The ask, figure out why a maker’s cloud flow is running more than expected. Their flow was only recently enabled for PROD, but they reported receiving an email (Figure 1) that their flow was “performing slow” shortly afterwards. Shortly after that, they received a second email (Figure 2) that their flow was “running too many actions.” Not long after that, Microsoft turned their flow off.

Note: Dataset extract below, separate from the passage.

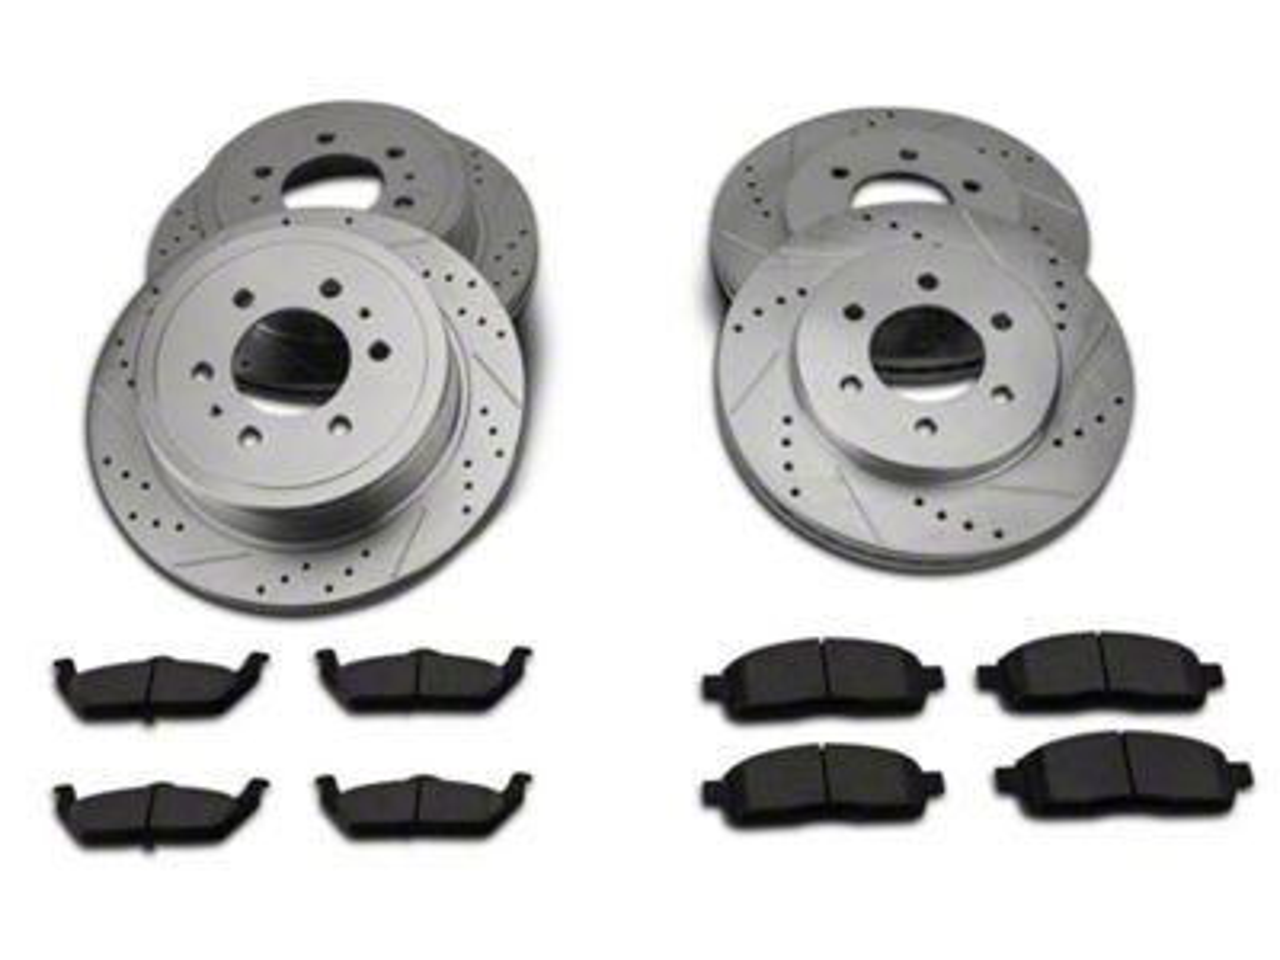 Power Stop Z23 Evolution Sport 6-Lug Brake Rotor & Pad Kit - Front & Rear (04-08 2WD F-150)

Worth noting, in an attempt to help the maker, Microsoft included recommendations in the emails to remedy the cloud flow’s performance. Unfortunately, for this flow, it isn’t an issue of inefficient loops or empty filter parameters. Though, these are helpful things to have considered and ultimately ruled out:

Reviewing their flow’s logic, the maker used an “Automated cloud flow” trigger, so it’s listening for a designated event. Their designated event? Whenever records of a table are modified. By itself, not a problem. However, towards the bottom of their flow, they’re updating table records based on some business requirements, and that is worth a second look. Without realizing it, this maker created an infinite loop. Their flow runs whenever a table record is updated, then their flow updates a record in the same table, which triggers yet another flow run, which updates the table record again, creating a loop with no end in sight. To address this infinite loop kerfuffle, they should add a Condition control with some conditions and nest their update record action. Only update the table record if there is a data mismatch, not every time the flow runs:

Conclusion:
Infinite loops are never good. Software Engineers and programmers know to steer far, far away from them, but with low-code empowering power users, non-devs have likely never heard of infinite loops. As cloud flows are created, be careful when flows are triggered by designated events and have actions updating records in the same system. Take advantage of Condition blocks and only update records when necessary.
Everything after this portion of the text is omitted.